LOS ANGELES, CA – Analysts are hoping for relief in the days to come from what has proven to be the highest gas prices in California history.

California motorists saw average prices hit a record $4.655 a gallon statewide for regular on Sunday. According to AAA’s Daily Fuel Gauge Report, that’s a jump by 17 cents a gallon from Friday and 48 cents a gallon from a month ago. In Los Angeles the pain at the pump was even worse with overnight prices up 3.5 cents to an average of $4.893.

Many major brand and independent prices were well above $5.00 a gallon for regular. The California price monitoring site, GasBuddy.com, showed prices as high as $6 a gallon at one independent retailer in Simi Valley, and more than a dozen others with prices ranging from $5.39 to $5.79 a gallon.

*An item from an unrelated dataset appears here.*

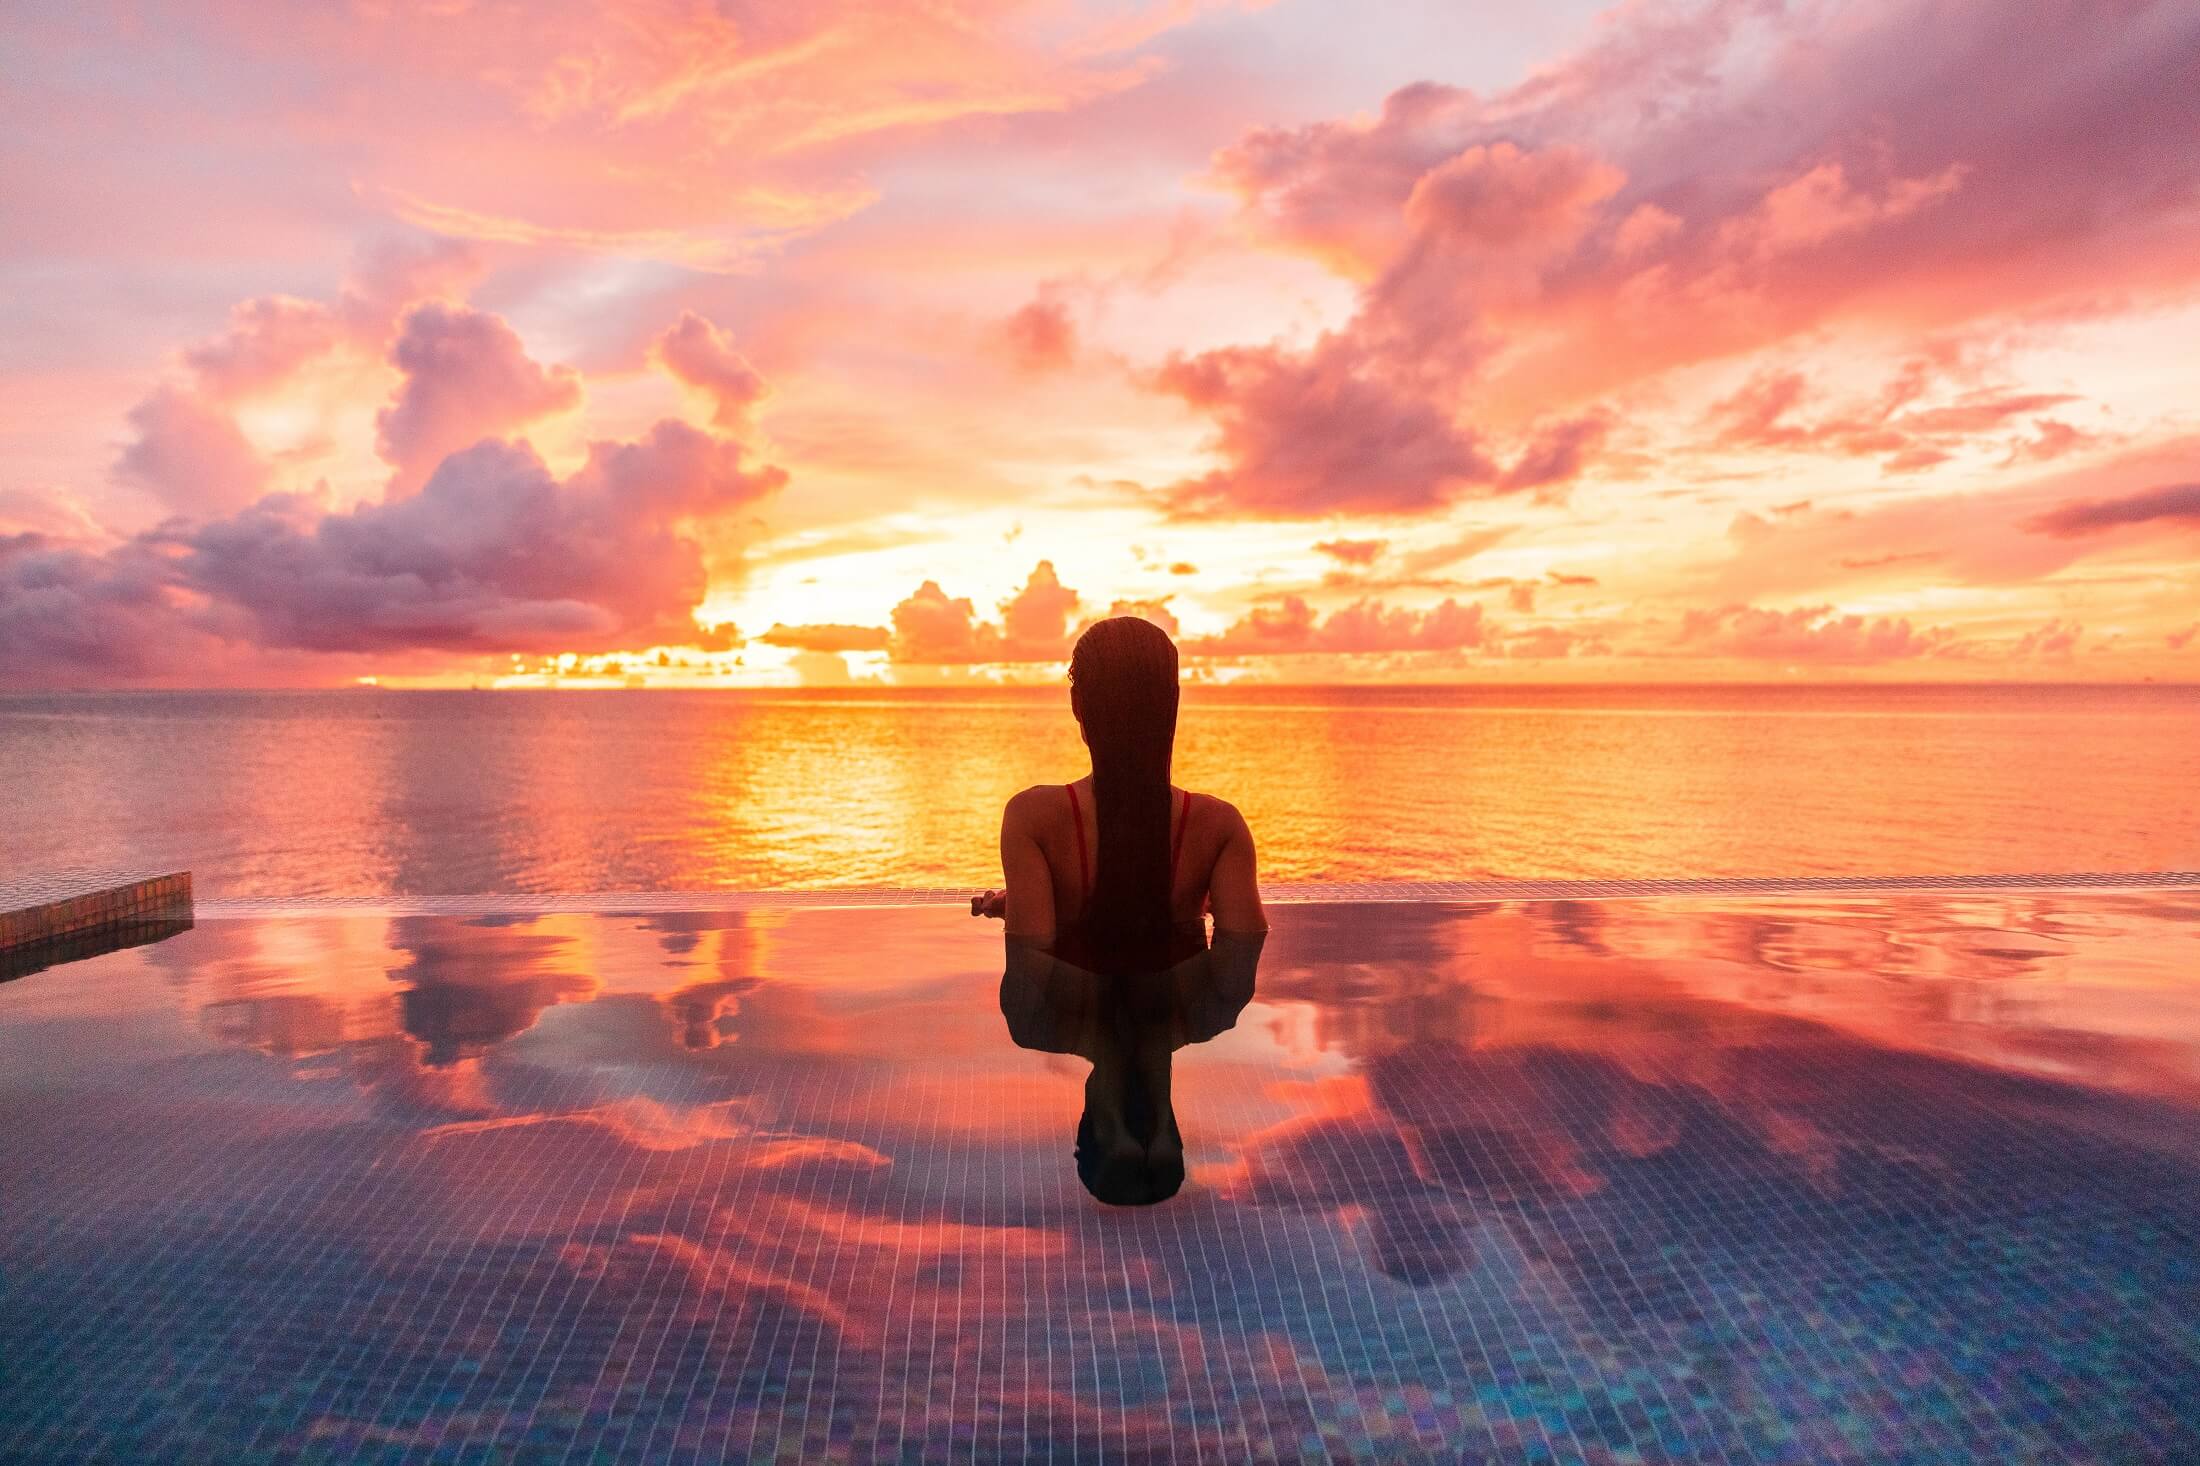 Paradise luksusowy ośrodek miodowy wypad miejsce na idylliczne Karaiby tropikalny krajobraz hotelu, kobieta sylwetka pływanie w basenie bez krawędzi oglądania zachodu słońca spokojny. Zimowy wypad o zmierzchu.

Sen. Dianne Feinstein, D-Calif., asked the Federal Trade Commission today to investigate whether gas prices in the state were being illegally manipulated. “California’s consumers are all too familiar with energy price spikes which cannot be explained by market fundamentals, and which turn out years later to have been the result of malicious and manipulative trading activity,” she said.

Petroleum analysts say California’s problems have been made worse by a combination of reduced production at refineries and an annual shift from a summer gasoline blend to a winter blend with fewer additives.California’s standards for refined gasoline exceed federal standards, so oil companies cannot just send gasoline refined in other states to shore up California’s troubled supply.

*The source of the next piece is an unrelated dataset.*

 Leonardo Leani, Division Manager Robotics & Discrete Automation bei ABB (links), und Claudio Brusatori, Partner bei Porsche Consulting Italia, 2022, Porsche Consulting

Gov. Jerry Brown ordered state smog regulators Sunday to allow winter-blend gasoline to be sold in California earlier than usual to help drive prices down. Winter-blend gas typically isn’t sold until after October 31. Few refineries outside the state are currently making summer-blend gas, putting the pressure on already-taxed California manufacturers.

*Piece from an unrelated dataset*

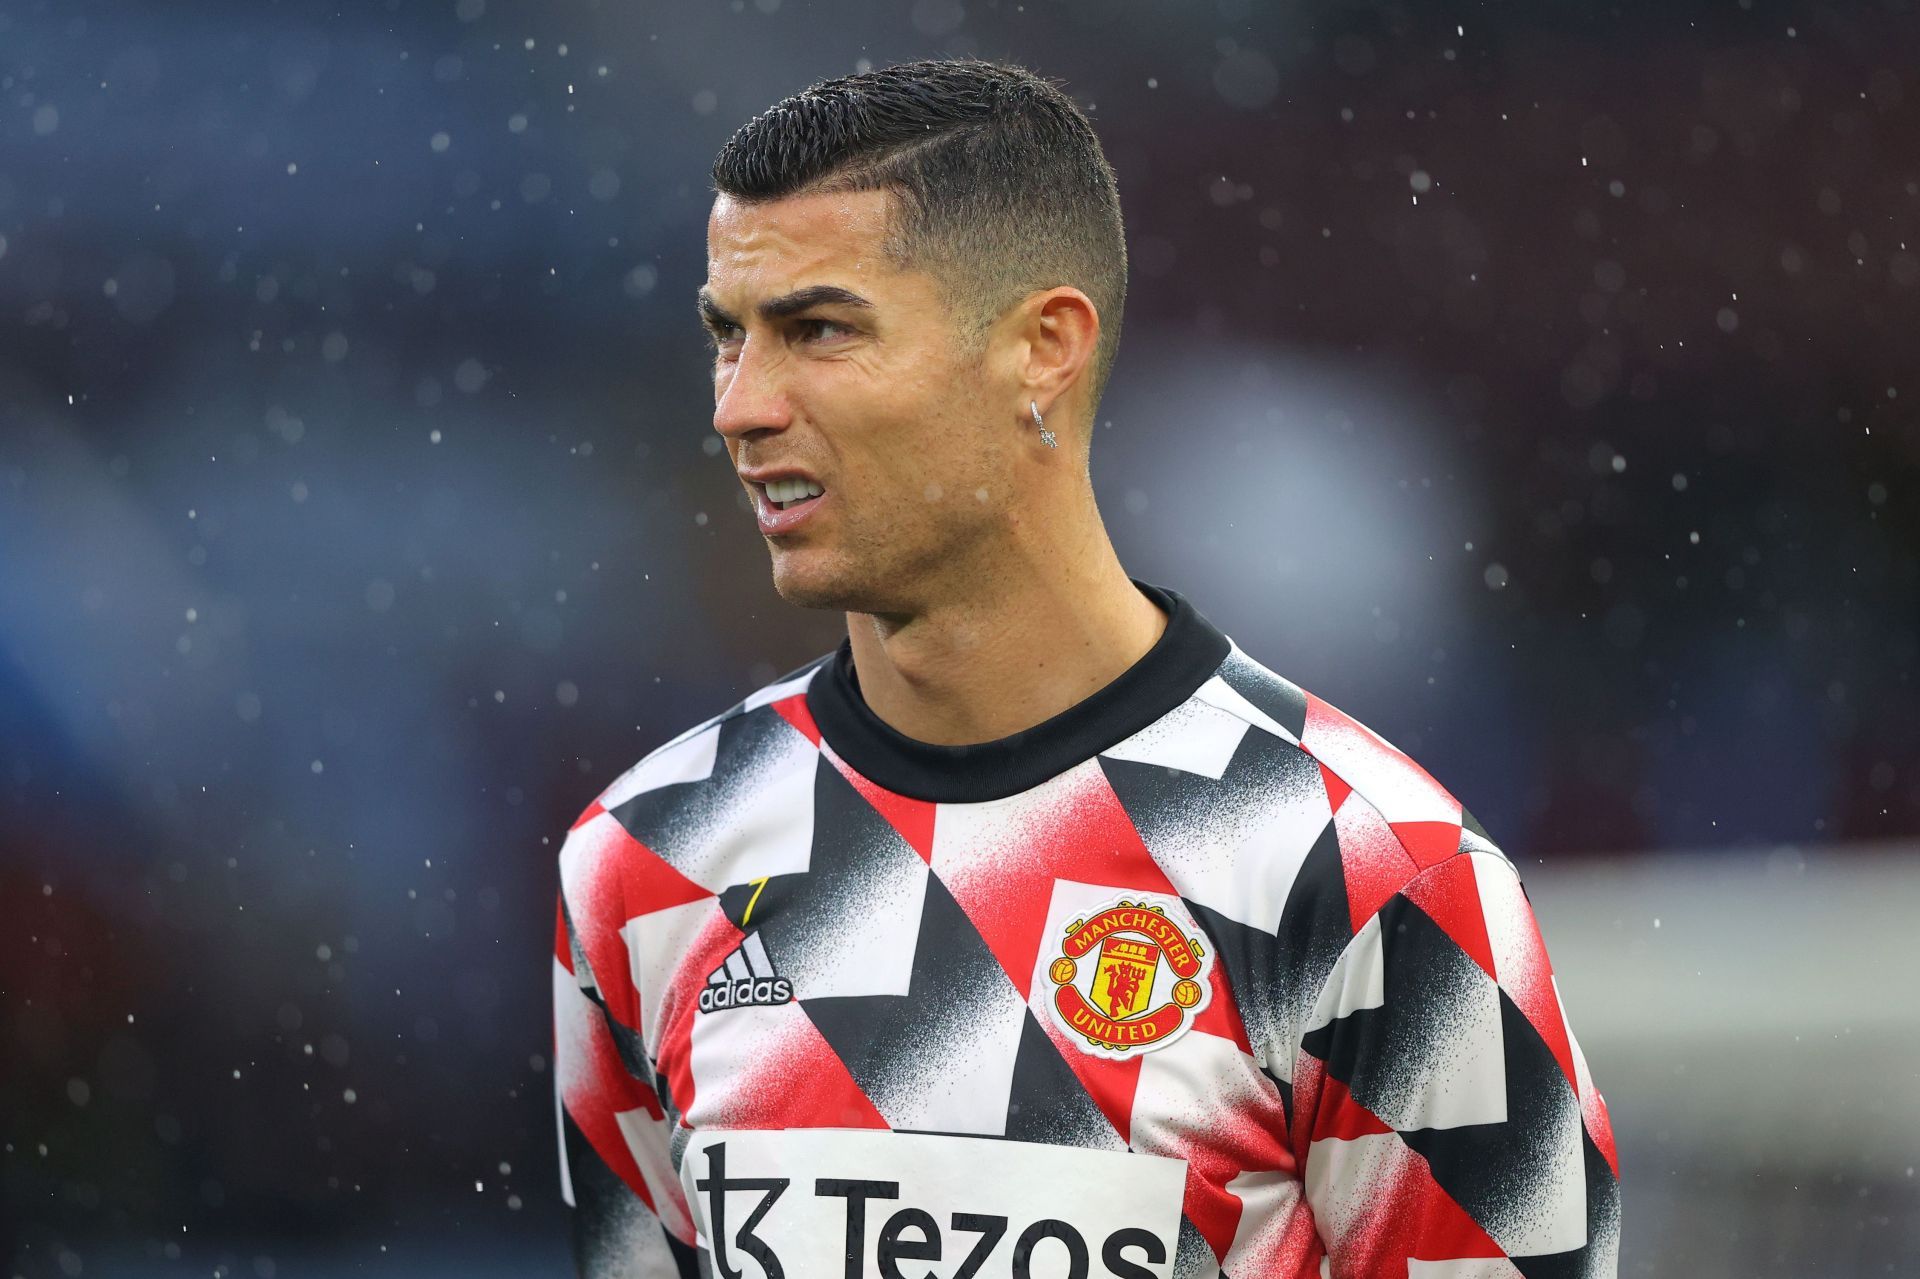 The Portuguese bids Old Trafford farewell

Last week’s price surge followed a shutdown at a refinery in Torrence, California, that is expected to resume production this week. Supplies were already weak as a result of an early August fire at a Chevron refinery in Richmond, California. In addition, several other refineries have been hit with maintenance problems.

Tupper Hull, spokesman for the Western States Petroleum Association, an industry trade group, said California’s gasoline market is always closely balanced. Any disruption at 14 refineries in the state meeting, or commodity traders’ worries over supply, can trigger volatility in prices, he said.

“Replacing lost production is more difficult here,” said Hull. “It takes a little longer than it does in other parts of the country. You can’t just redirect product in the pipeline like you can in almost every other market.”

Rising prices have also led to a rash of gasoline thefts.In Roseville, California, police are seeking two people suspected of stealing 750 gallons of gasoline from a Shell station, said Police Sgt. Jeff Kool. He said thieves somehow defeated the gasoline pump’s meter controls and filled external tanks in a pickup during visits in the early-morning hours over three days.